I need to calculate a couple of Gauss sums to solve a problem I'm working on, but I keep getting the wrong answer because the absolute value of what I calculate is impossible for such a sum. Can anyone spot my mistake?
Suppose $F$ is a field with four elements, as $0, 1, a, a^2$, and $\chi$ a nontrivial character on $F$. Thus we must have $\chi(0) = 0, \chi(1) = 1$, and we can assume $\chi(a) = \zeta$ and $\chi(a^2) = \zeta^2$, where $\zeta = e^{2\pi i /3}$. This is because $\chi$ sends a nonzero member of $F$ to a third root of unity, so the only other homomorphism (which would be $\chi^2$) would interchange where $a$ and $a^2$ are sent.

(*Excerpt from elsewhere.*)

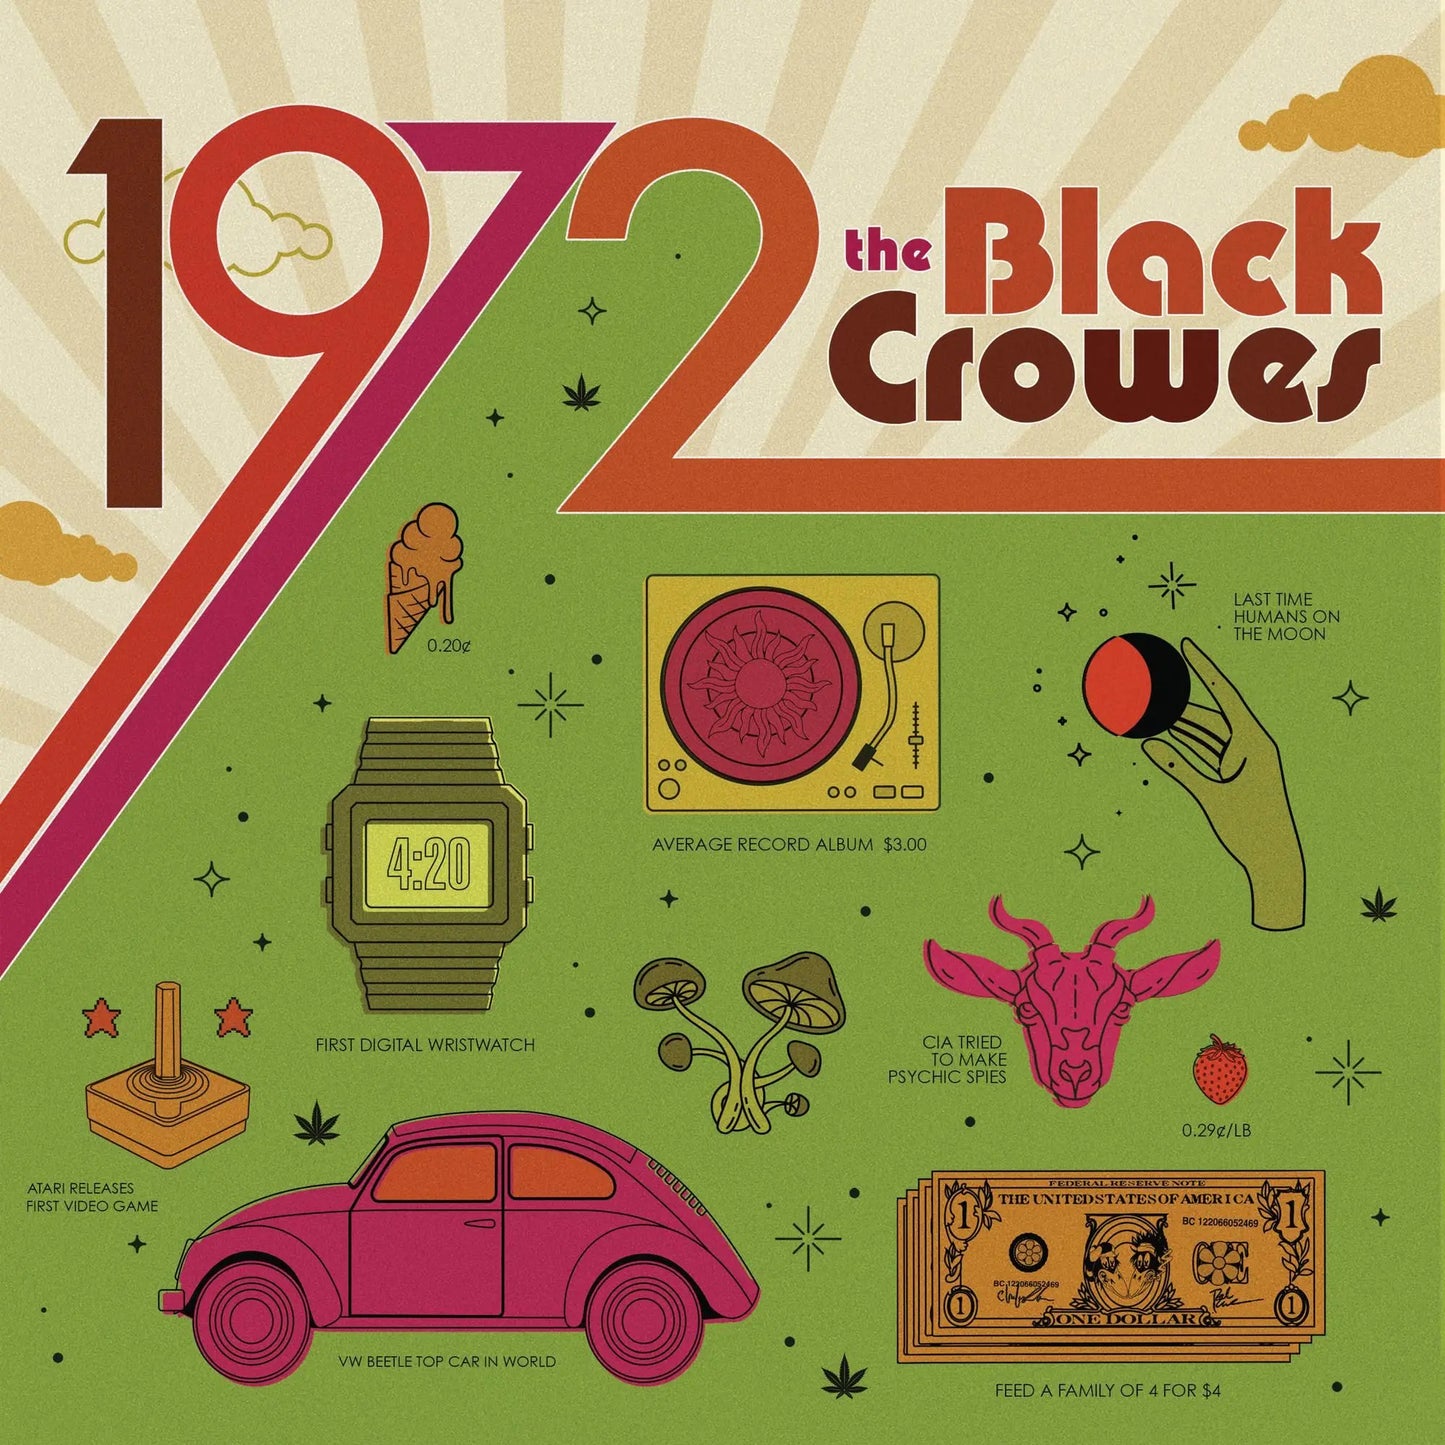 The Black Crowes - 1972 [Colored, Silver Vinyl LP]

Now the Gauss sum of $\chi$ is given by $g(\chi) = \sum\limits_{t \in F} \chi(t)\zeta^{tr(t)}$, where $tr$ is the trace function, defined by $tr(t) = t + t^2$. The trace function has its range equal to $\mathbb{Z}_2 \subset F$, each member of which is interpreted as the corresponding $0$ or $1$ in $\mathbb{C}$.
We have $tr(0) = 0, tr(1) = 1 + 1^2 = 0$. Also $tr(a) = a + a^2 = 1$, and $tr(a^2) = a^2 + a^4 = a^2 + a = tr(a) = 1$.
Thus the Gauss sum is $\chi(0)\zeta^{tr(0)} + \chi(1)\zeta^{tr(1)} + \chi(a)\zeta^{tr(a)} + \chi(a^2)\zeta^{tr(a^2)} = 0 + 1 + \zeta \zeta + \zeta^2\zeta = 1 + \zeta^2 + 1 = 2 + \zeta^2$.
But $\zeta^2 = e^{2 \pi i (2/3)} = Cos(4 \pi / 3) + i Sin(4 \pi / 3) = -1/2 - i\sqrt{3}/2$, whence $g(\chi) = 1.5 - \sqrt{3}i/2$, meaning $|g(\chi)| = \sqrt{2.25 + 3/4} = \sqrt{3}$.
The Gauss sum is supposed to have absolute value $\sqrt{|F|} = 2$. What have I done wrong here?